- _Aim of the exercise_: Copy out the data word for word. The images are not part of the copy.

- _Information supplied_:
——————

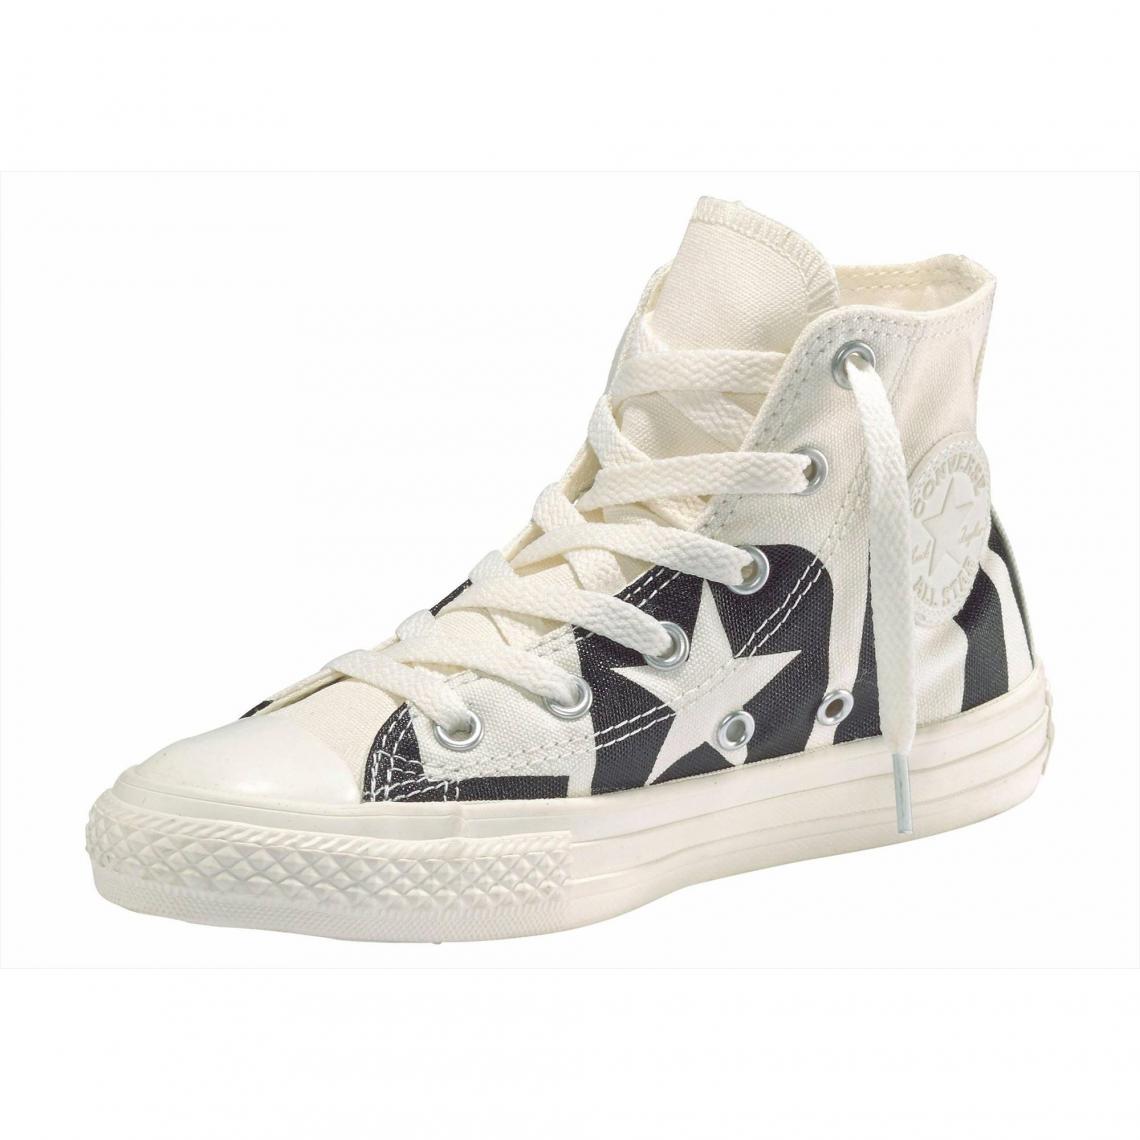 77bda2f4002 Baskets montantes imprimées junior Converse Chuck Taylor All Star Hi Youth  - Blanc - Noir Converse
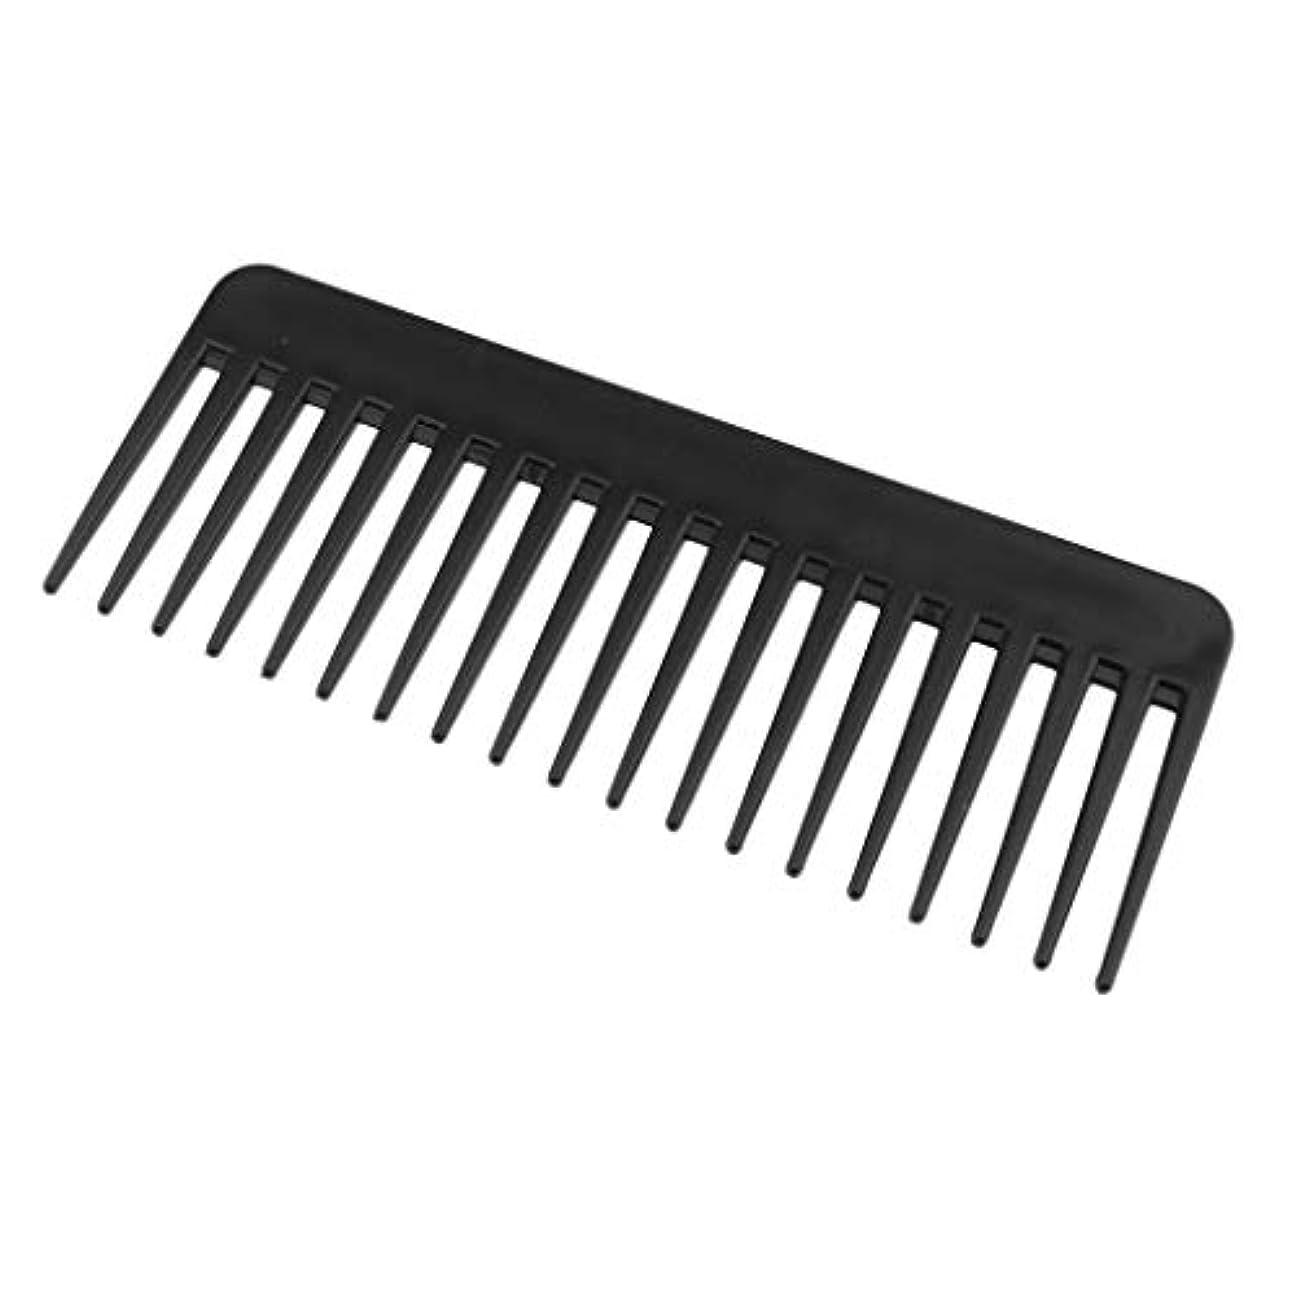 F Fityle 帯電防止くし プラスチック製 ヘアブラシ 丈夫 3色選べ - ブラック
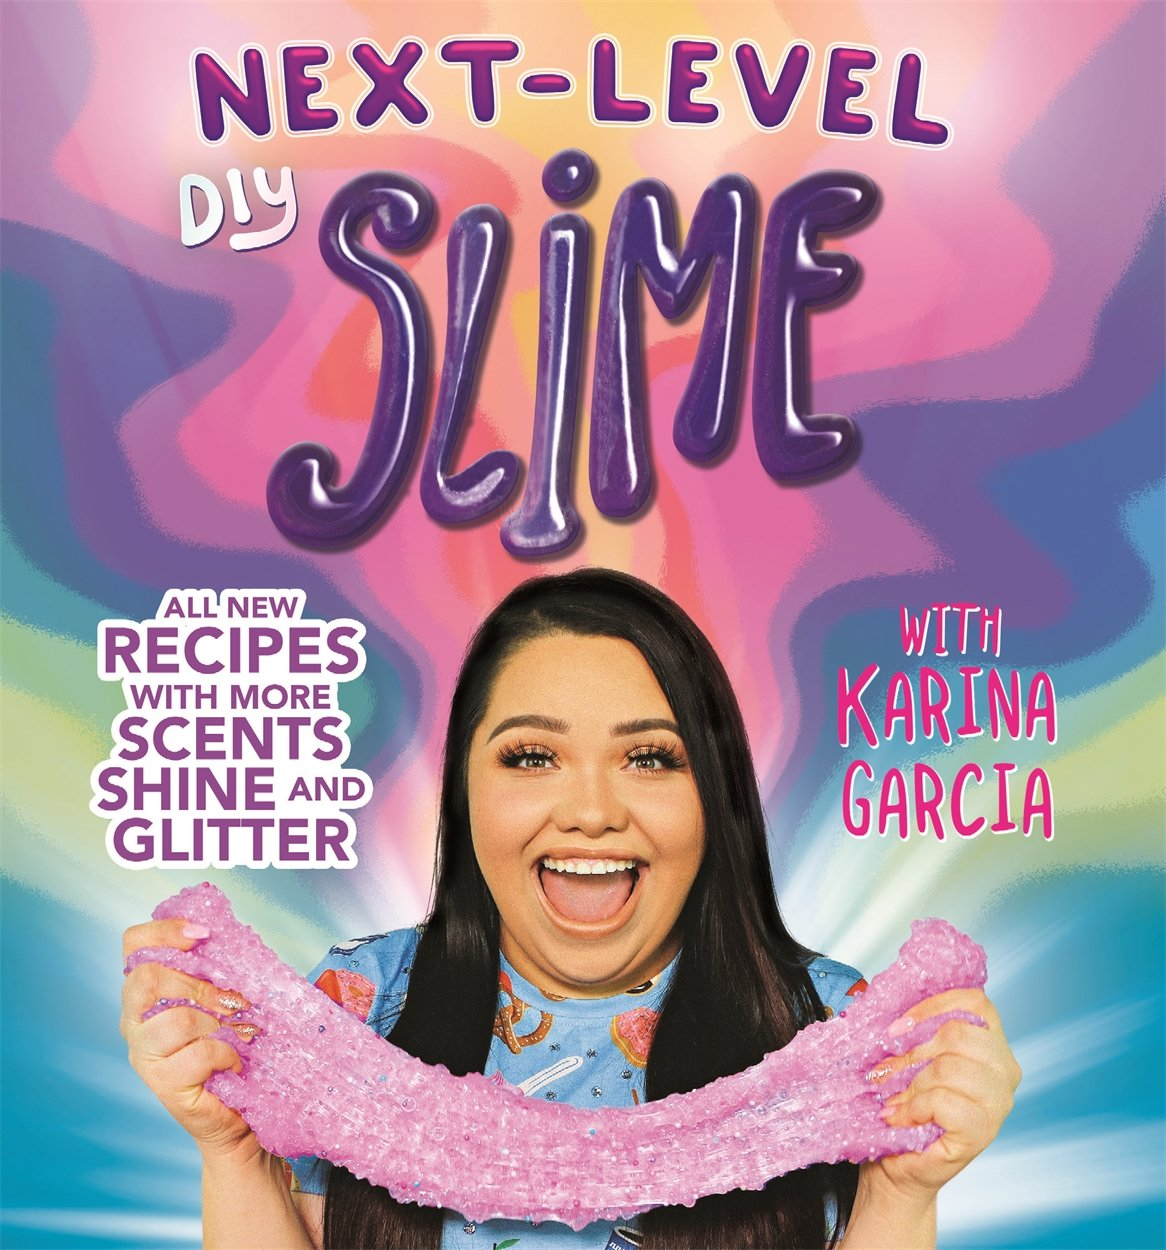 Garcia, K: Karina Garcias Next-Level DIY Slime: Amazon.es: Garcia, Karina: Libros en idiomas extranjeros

——————

- _Answer box_:
 77bda2f4002 Baskets montantes imprimées junior Converse Chuck Taylor All Star Hi Youth  - Blanc - Noir Converse
 F Fityle 帯電防止くし プラスチック製 ヘアブラシ 丈夫 3色選べ - ブラック
 Garcia, K: Karina Garcias Next-Level DIY Slime: Amazon.es: Garcia, Karina: Libros en idiomas extranjeros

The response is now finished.